Хотя прядением и ткачеством по-прежнему занимались женщины на дому, в этот период все быстрее распространяются ремесленные мастерские. Гильдия под названием «Йоркские ткачи» появилась в Казначейских списках, официальных финансовых записях, в 1164 г. Их труд очень хорошо оплачивался, а ткань потом экспортировалась в Италию и Испанию. Богатая и влиятельная семья Альберти из Флоренции в 1396 г. имела три корабля для постоянной перевозки шерсти из Англии в Порто-Пизано в Тоскане. Ткацкие мастерские или мануфактуры могли за определенную плату выполнять некоторые или все этапы обработки шерсти от сырца до ткани. Случалось, что землевладельцы подписывали контракт с арендаторами, чтобы использовать ткацкую мануфактуру. На каждом этапе производства шерсть давала деньги[211].
Белое золото
«Я славлю и всегда буду славить Бога.
Овца за все заплатила».
В 796 г. н. э. Карл Великий, правитель Римской империи, написал королю Оффе из Мерсии о больших шерстяных плащах, характерных для севера Англии. «Касательно длины плащей, – писал он, – их можно заказать такими, какими они были у нас в старые времена». Ответ Оффы до нас, к сожалению, не дошел.
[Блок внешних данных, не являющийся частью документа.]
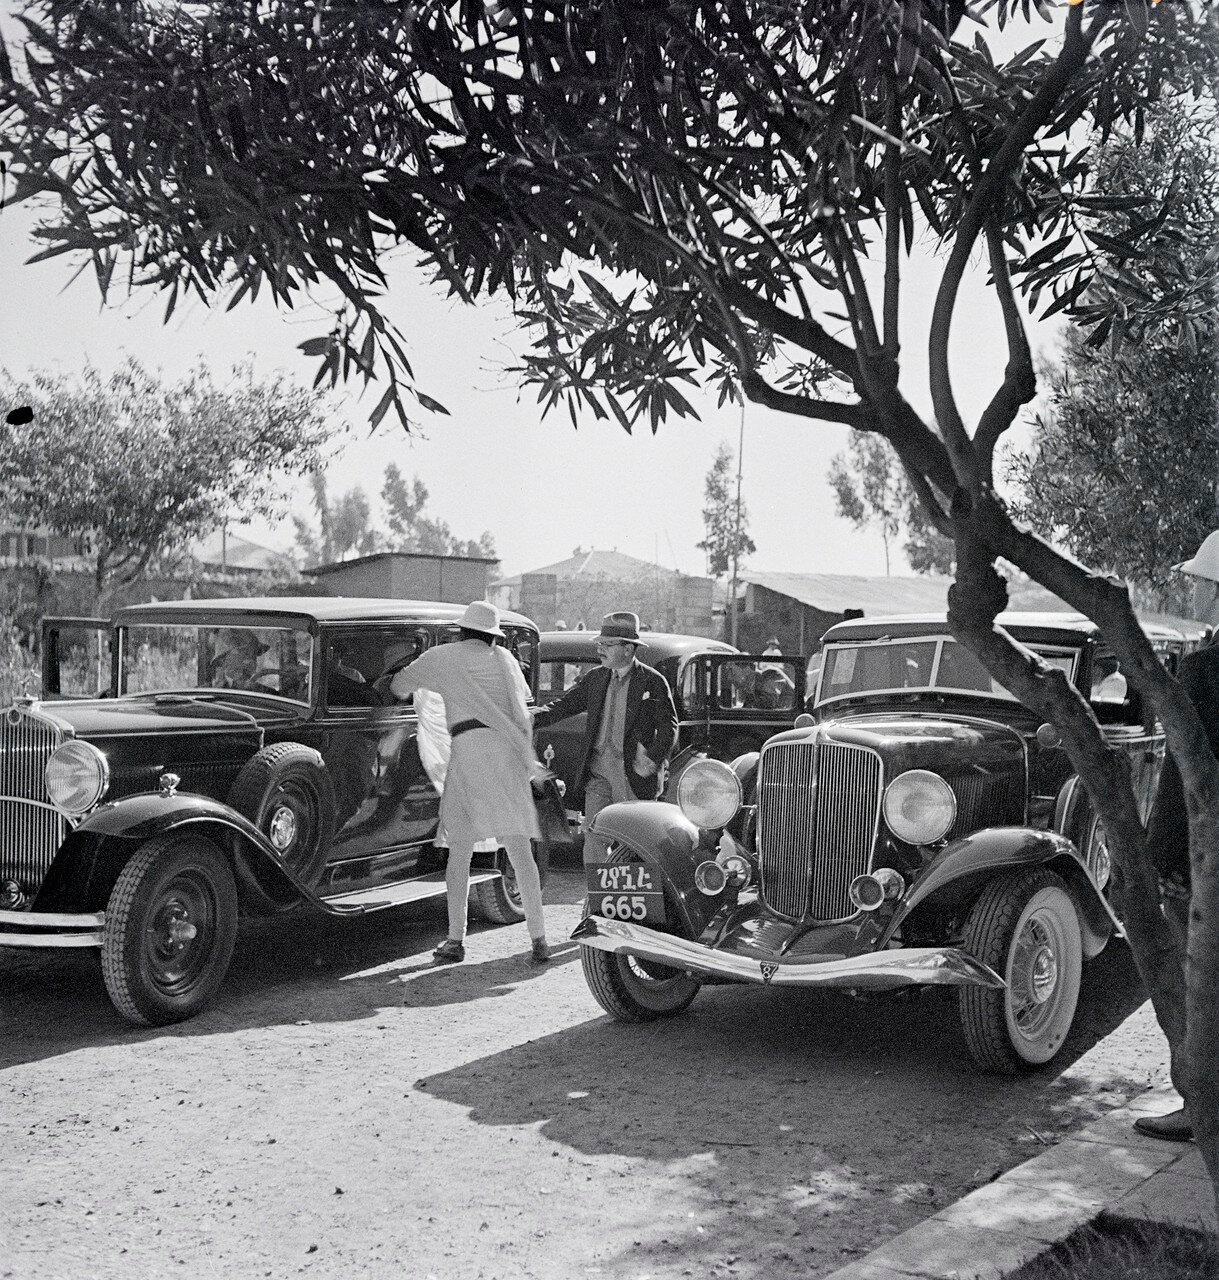 Припаркованные автомобили на дороге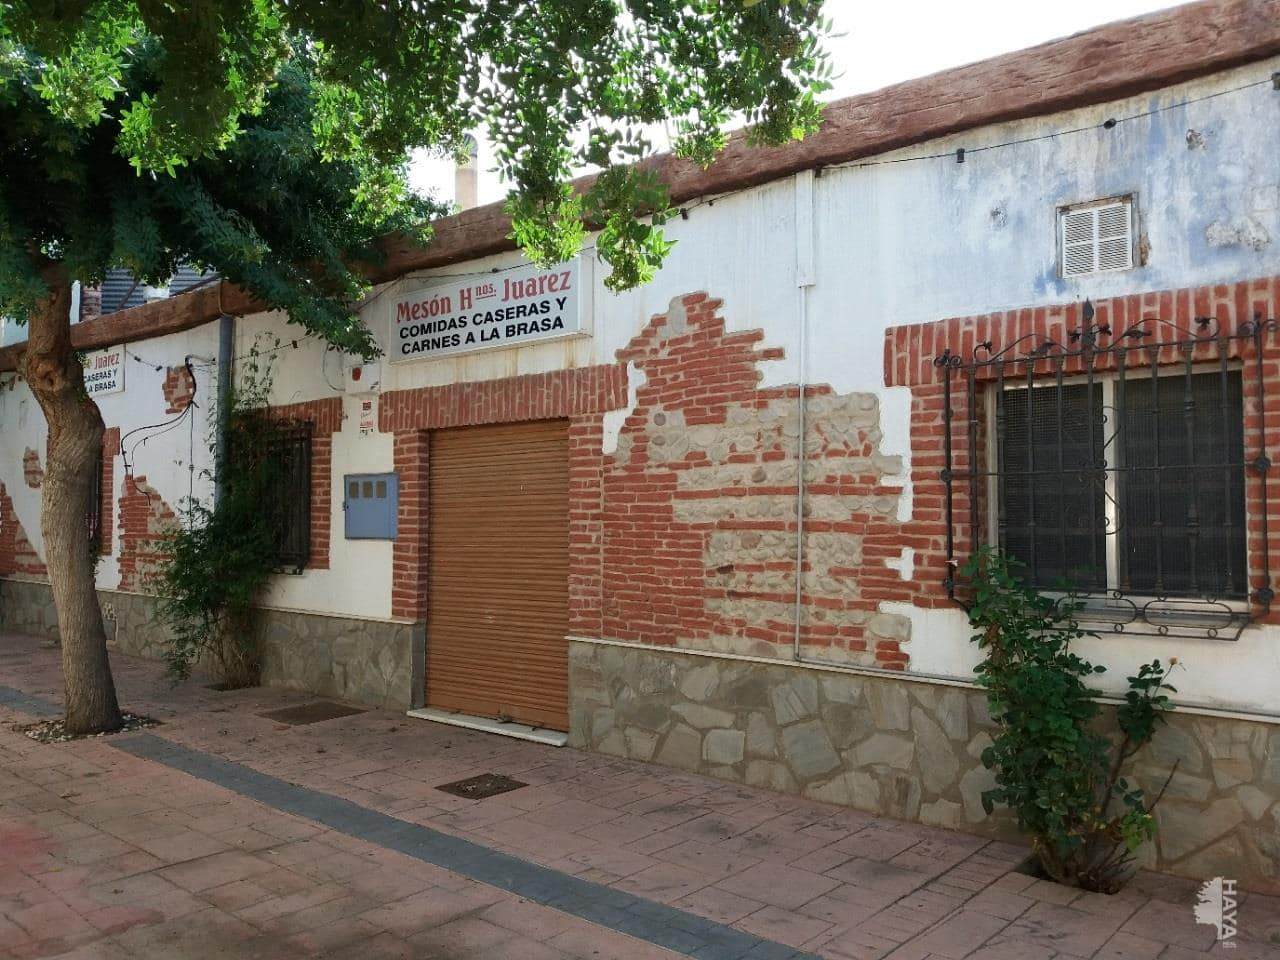 Local en venta en Rioja, Rioja, Almería, Paseo de la Huerta, 56.968 €, 98 m2

Уверенность Карла Великого в высоком качестве английской шерсти отражает ее репутацию. Легендарный король был далеко не единственным восхищавшимся этой шерстью, но упоминание им готового продукта, а не сырца было необычным. На самом деле бо́льшую часть Средневековья европейские центры, славившиеся производством роскошных тканей, не могли похвастаться тонкостью шерсти. Производство шерстяной ткани во Фландрии и Флоренции, к примеру, зависело от сырья из Бургундии, Испании и больше всего из Англии. Флорентийская ткацкая промышленность была особенно прожорливой. Виллиани, местный летописец, полагал, что в начале XIV в. в ней было занято около 30 000 человек. Англия возила шерсть кораблями во Флоренцию со времен норманнского завоевания, и к XIII в. это был самый надежный источник качественного шерстяного сырья для города. Векселя, относительно новый финансовый инструмент, способствовали такой торговле на больших расстояниях. К началу XIV в. флорентийские купцы использовали векселя для импорта тончайшей английской шерсти напрямую из Саутгемптона, не пользуясь посредниками, обеспечивая во всех остальных отношениях непримечательному городу заметную роль в экономике Европы и гарантируя надежный источник доходов[212].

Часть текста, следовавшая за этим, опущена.